Mois de 2 ans plus tard, en août 2011 – mais l’information est moins bien documentée – Abdul Shakor-al Turkistani également connu sous le nom d’Emeti Yakuf, aurait revendiqué la responsabilité des attaques de 2011 contre les municipalités de Hotan et Kashgar dans le sud du Xinjiang. Lui aussi aurait été éliminé par une frappe à distance commanditée par la CIA, le 24 août 2012.

Selon le New-York-Times et la Jamestown foundation qui citent le journal Djihadiste « Karachi Islam », Shakoor qui était également à la tête du TIP, avait pris le commandement des unités Djihadistes d’Al-Qaeda dans les zones tribales pakistanaises après le départ vers l’Iran de Saif al-Adel un temps successeur d’Ousama Ben Laen (Der Spiegel et Associated Press).

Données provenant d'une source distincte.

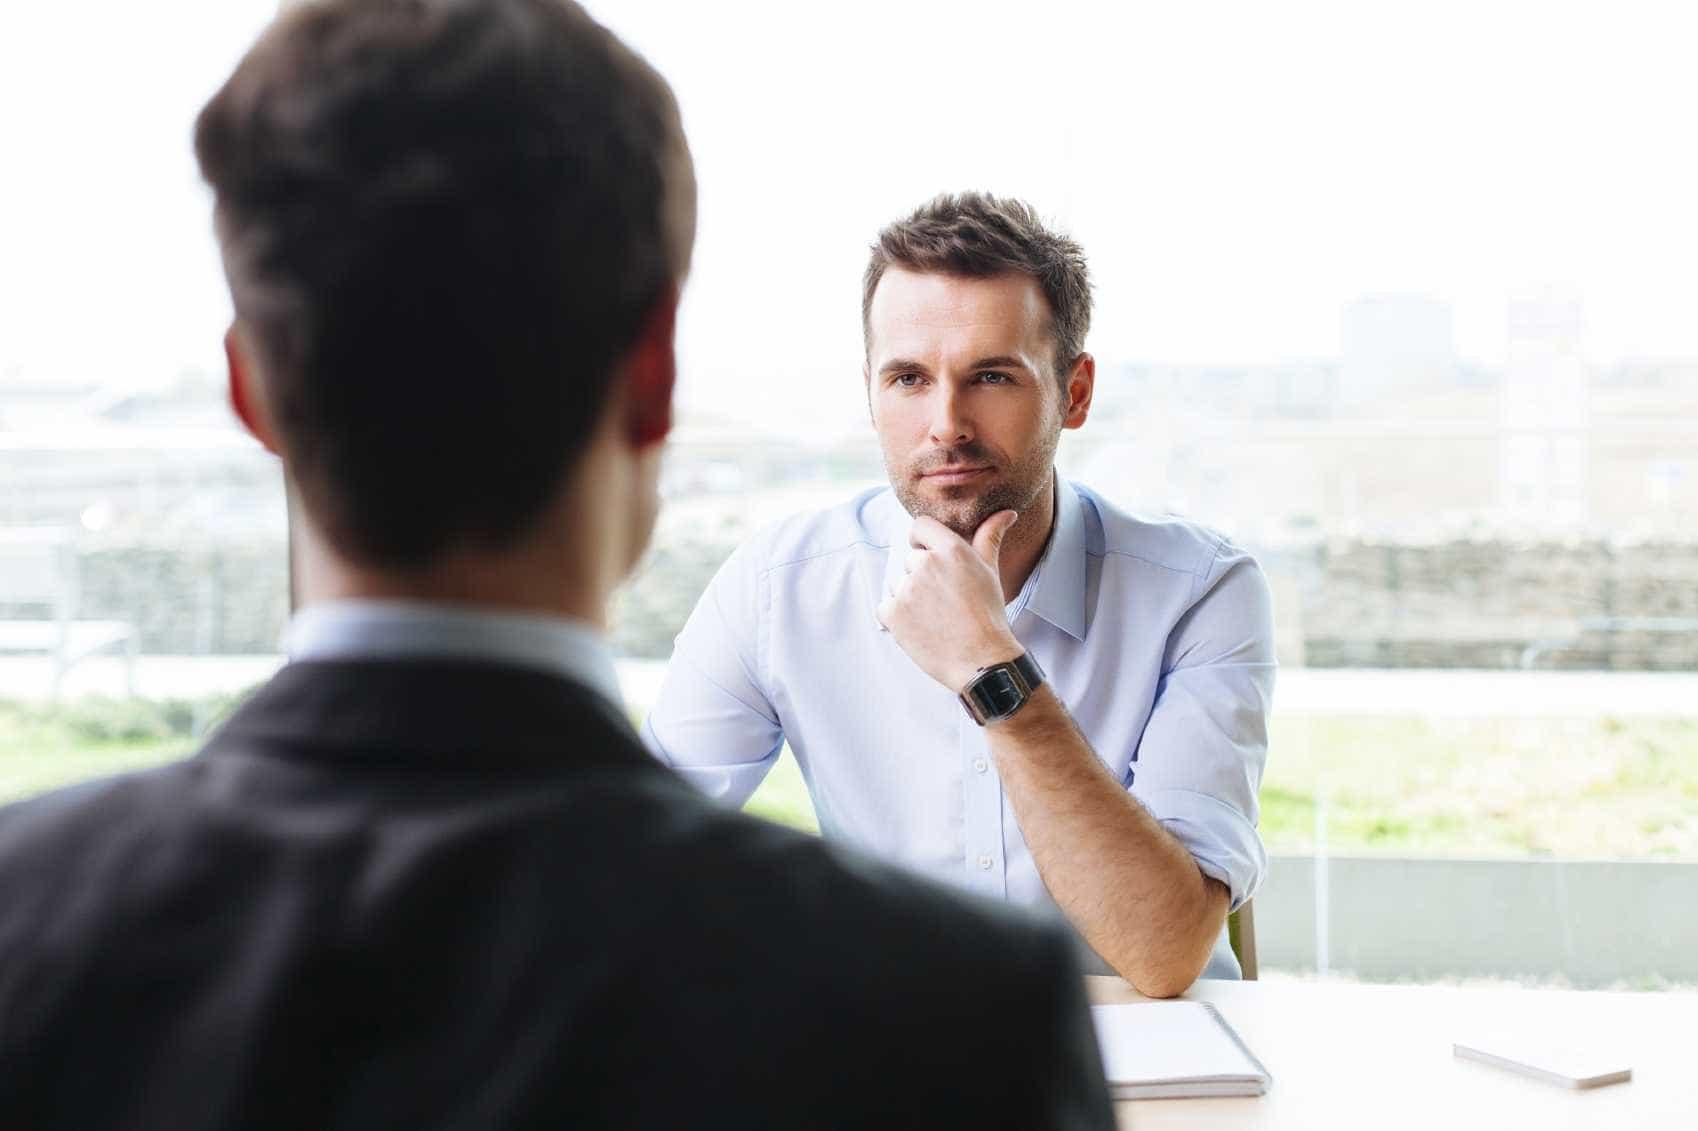 frases a evitar numa entrevista de emprego

C’est ce faisceau d’indices reliant la question du Xinjiang à la mouvance terroriste islamiste qui pousse aujourd’hui à accorder du crédit à la revendication djihadiste après les actions violentes qui secouèrent la région de Kashgar et Hotan les 30 et 31 juillet 2011 où une zone habitée par des Han fut simultanément le théâtre de l’explosion d’une voiture piégée, d’une attaque contre un camion militaire et d’assauts au couteau contre des policiers et des civils. (Lire notre article Retour sur la situation au Xinjiang).

La limite des stratégies chinoises

La stratégie de sinisation des marches occidentales de la Chine par une chape de contrôles et de répressions qui isolent le Xinjiang du reste du pays, assortie de vastes projets de développement que les Ouïghours accusent d’avoir jusqu’à présent largement profité aux Han, le tout appuyé par une immigration massive des Chinois de souche, pourrait avoir atteint ses limites.

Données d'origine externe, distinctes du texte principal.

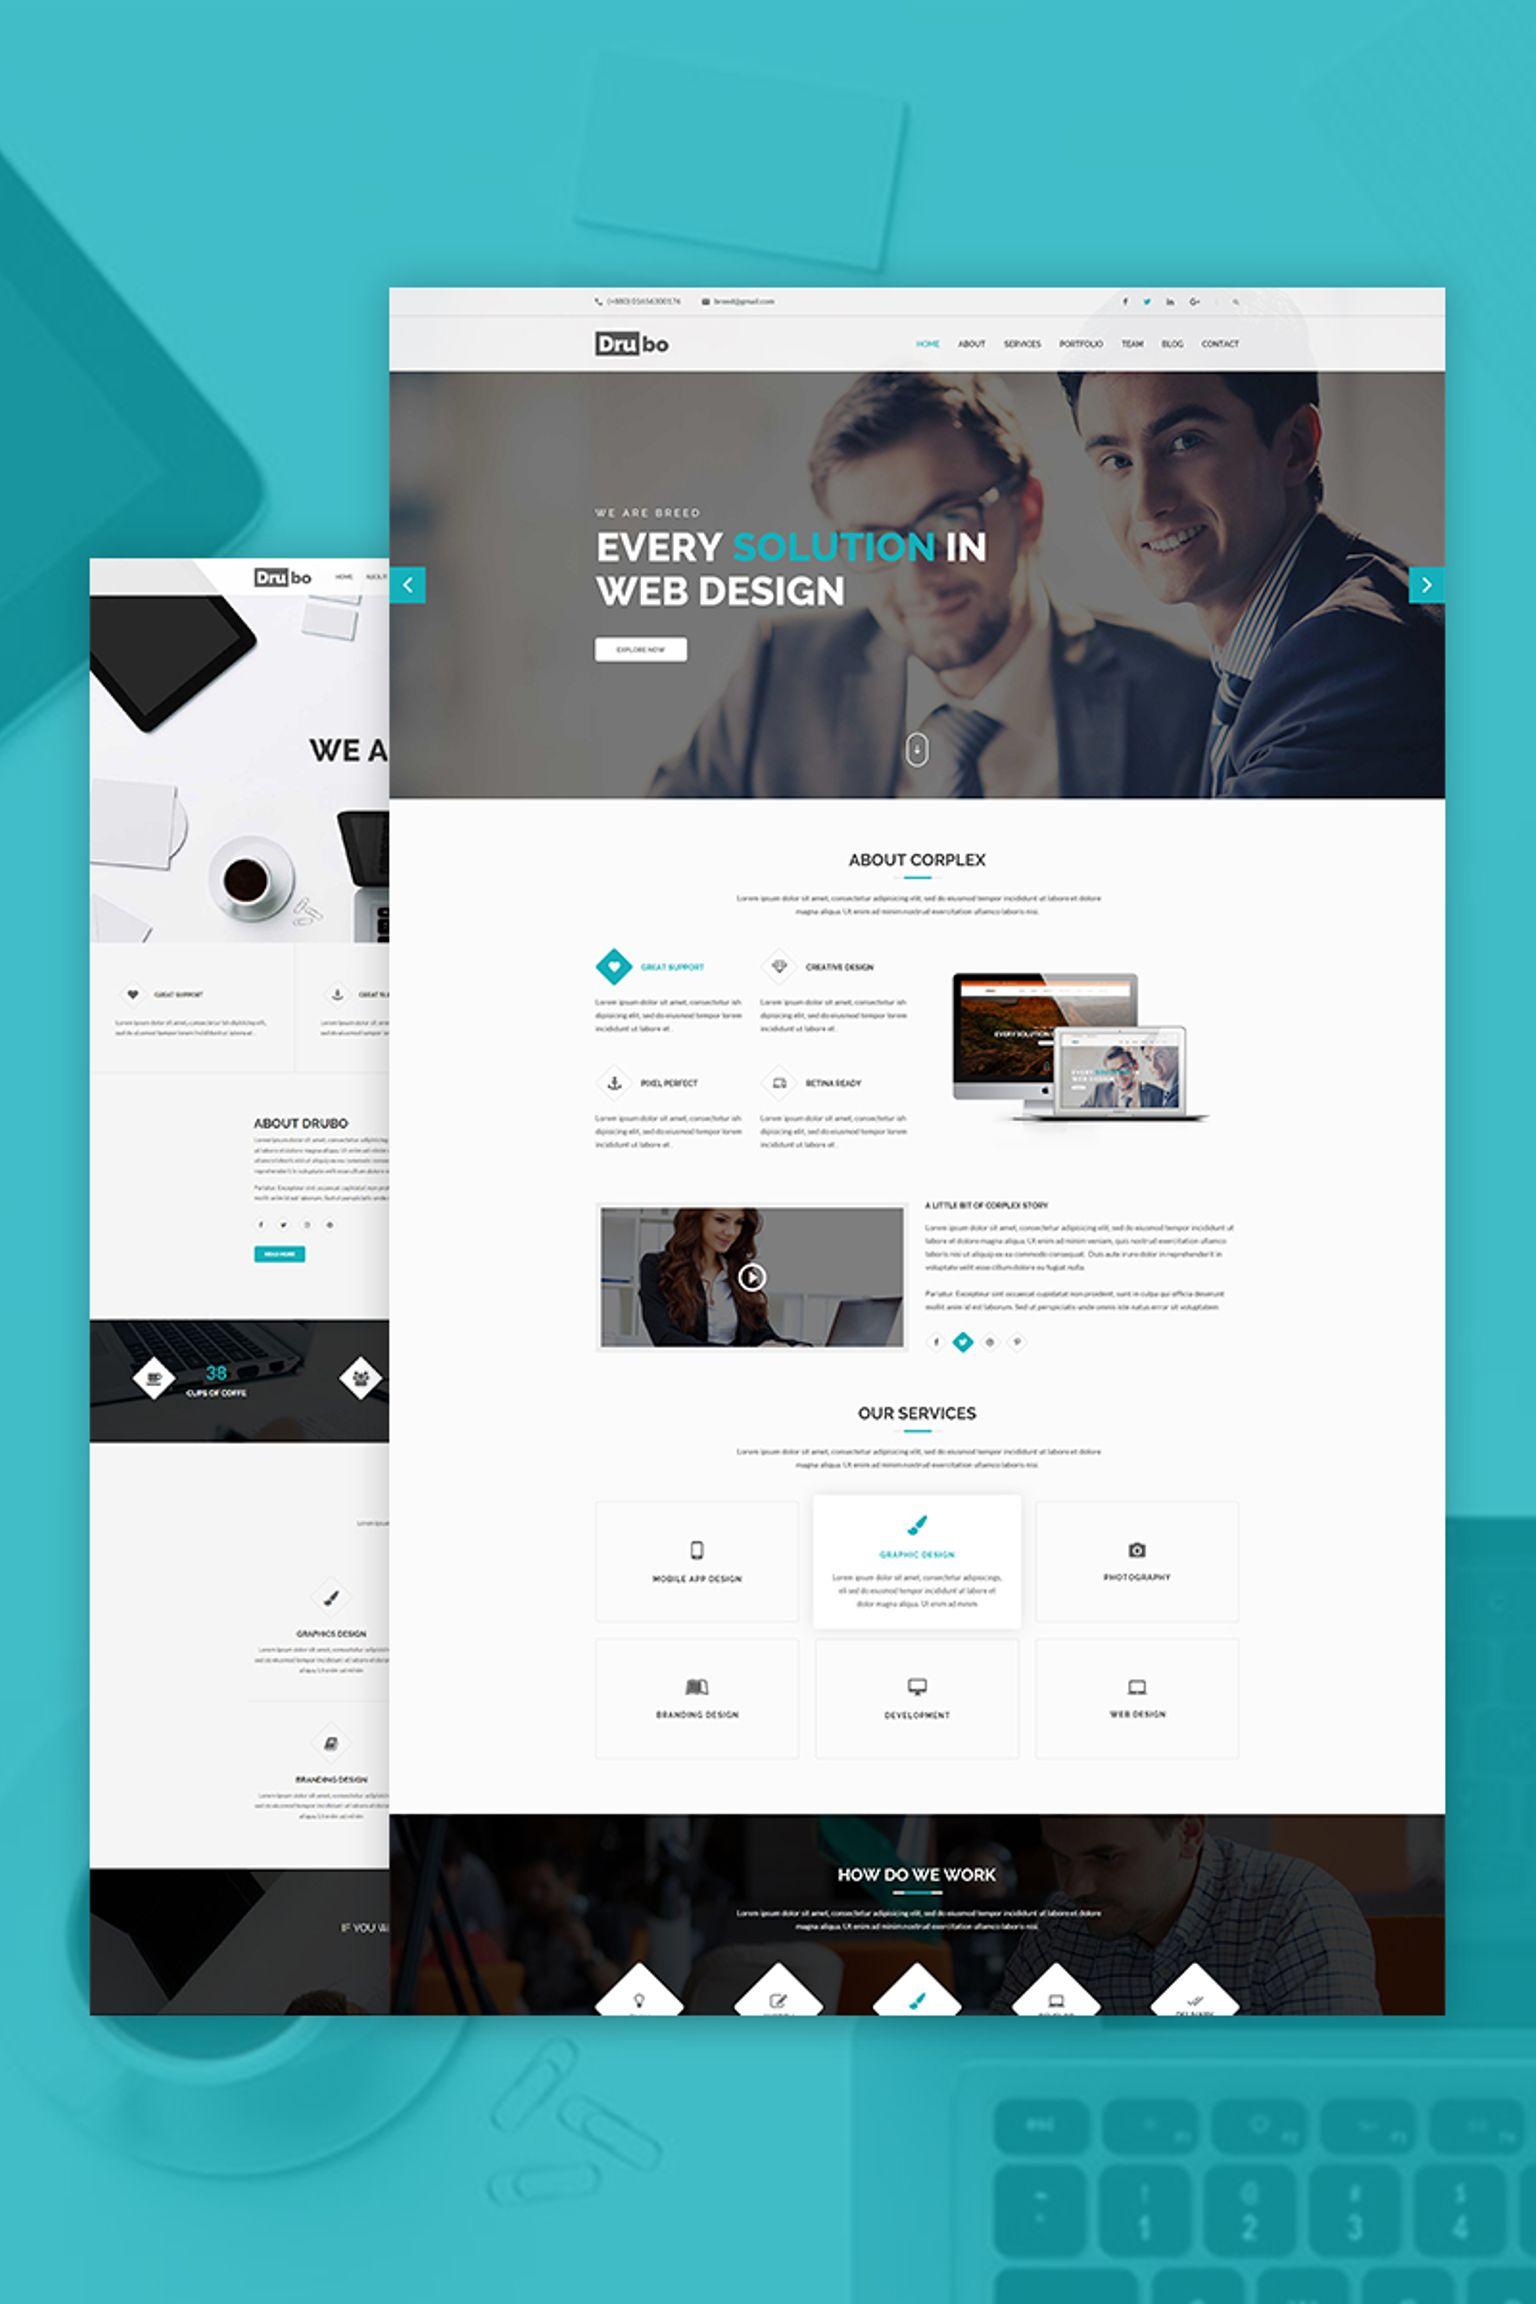 Responsywny motyw WordPress Drubo - Corporate #67246 - zrzut ekranu

Un alourdissement des contrôles, de l’isolation de la province et des répressions qui semble pour l’instant l’unique réponse du pouvoir à l’aggravation de la situation, risque d’endommager l’image de puissance douce que la Chine souhaite se donner et d’affaiblir son influence en Asie centrale où les populations sont culturellement proches de celles du Xinjiang.

Pourtant les critiques internes provenant des intellectuels du régime et de ses centres de recherche n’ont pas manqué de stigmatiser les risques des crispations sécuritaires univoques. Hu Yaobang lui-même, limogé en 1987 avait mis en garde contre la tentation obsessionnelle de siniser les culturelles allogènes du Xinjiang et du Tibet et préconisé les respect des religions et un arrêt de l’immigration massive des Han.

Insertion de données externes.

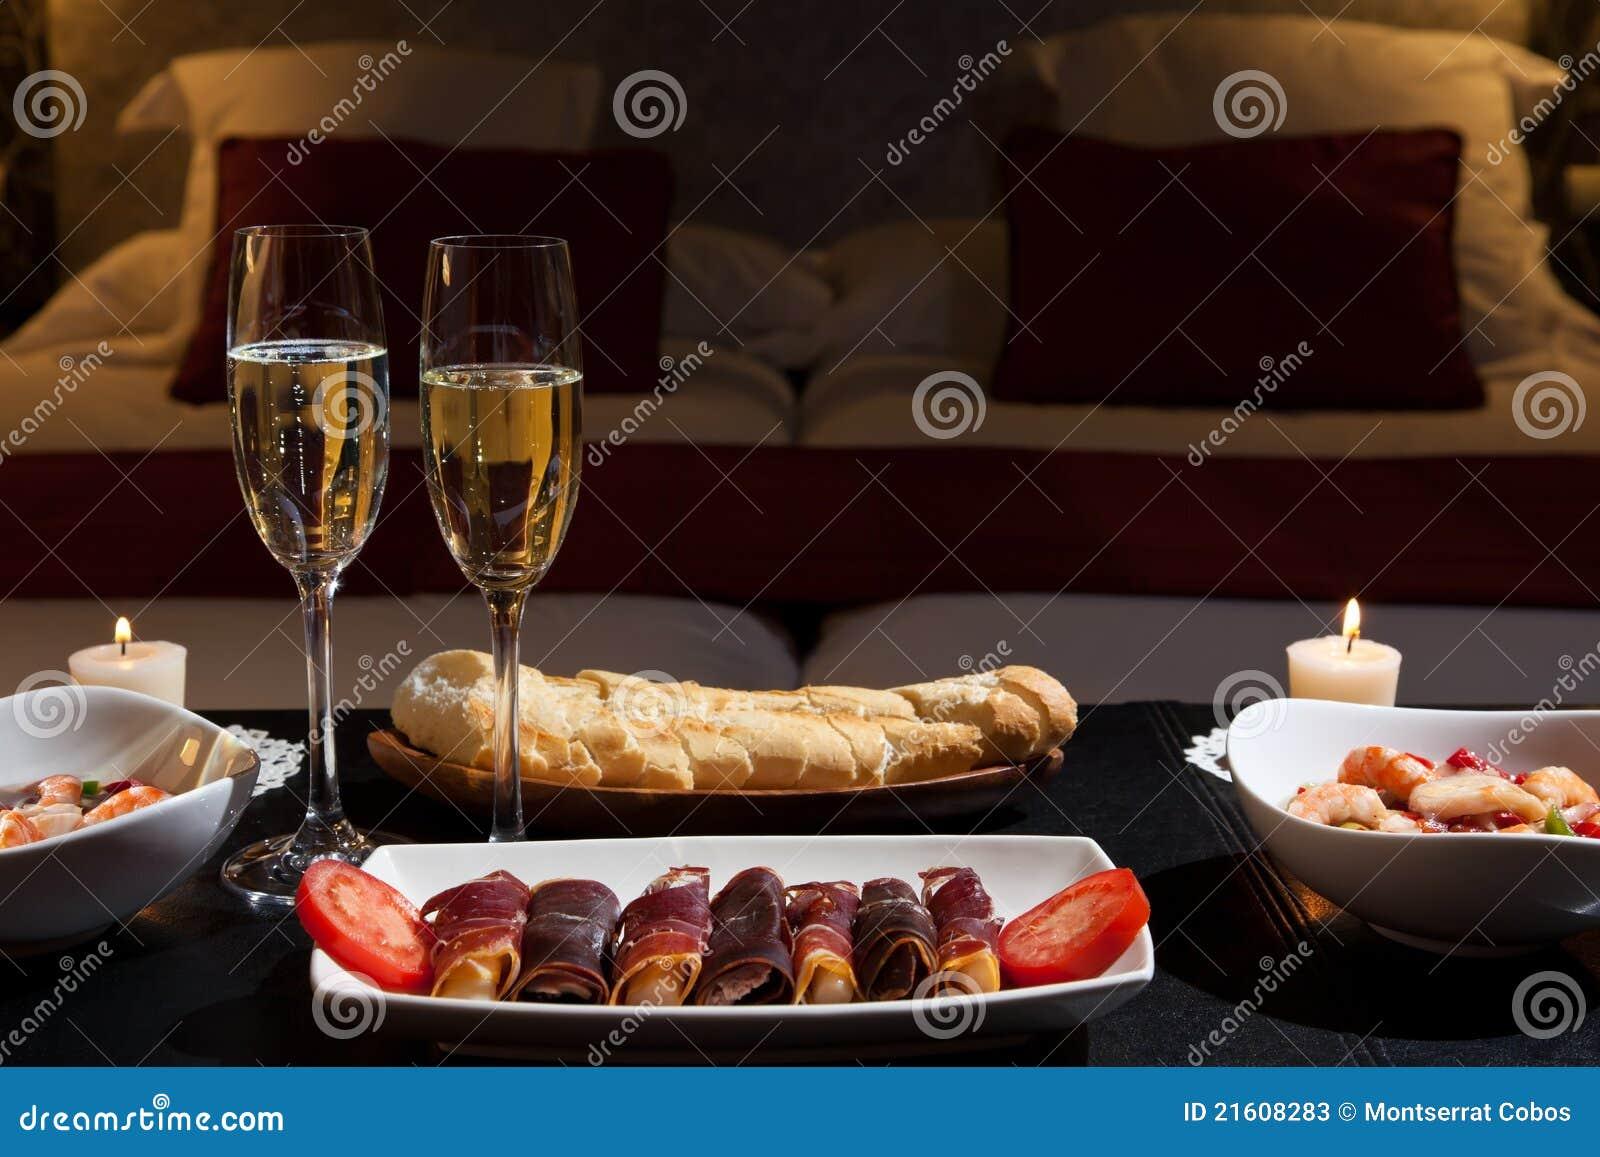 Cena rom ntica en un hotel lujoso imagen de archivo imagen de serrano velas 21608283 - Cena romantica con velas ...

Surtout, les actions répressives indiscriminées et sans nuance qui assimilent la moindre critique à une menace terroriste au point d’avoir mis sous les verrous le professeur d’économie d’origine ouïghour Ilham Tohti, nourrissent la radicalisation djihadiste et attisent le danger majeur d’une contagion terroriste vers l’Est de la Chine où les cibles sont bien plus difficiles à défendre. Certes le caractère artisanal des bombes et le schéma des attaques au couteau laissent penser qu’on n’a pas encore atteint le stade de la guerre totale.

La Maison Blanche qui ne rate pas une occasion de critiquer les modes développement chinois au Xinjiang, est, par la voix de son porte-parole, allé jusqu’à douter de la réalité de la menace islamiste. D’autant plus irrité qu’après le 11 septembre il avait officiellement soutenu les États-Unis (contrairement aux critiques des réseaux sociaux qui s’étaient répandus en messages vengeurs anti-américains), en s’associant à la guerre contre le terrorisme de Georges Bush, le Bureau Politique prend, quant à lui, la menace au sérieux puisqu’il vient de décider d’armer les policiers de Shanghai et de Pékin et d’y augmenter la présence de groupes spécialisés anti-terroristes.

Au passage le porte parole du Waijiaobu a répondu à la Maison Blanche et espéré que « chacun reconnaîtra les objectifs des groupes terroristes et soutiendra la volonté du gouvernement chinois de réprimer leurs violences pour préserver la sécurité du peuple et de la société ».

Photo : Les drapeaux pakistanais et chinois emmêlés figurent les relations complexes entre Islamabad et Pékin, pourtant étroitement alliés. A plusieurs reprises des dirigeants radicaux islamistes réfugiés dans les zones tribales pakistanaises ont durement condamné Pékin pour le traitement que la Chine réserve aux Musulmans du Xinjiang et appelé à la guerre sainte.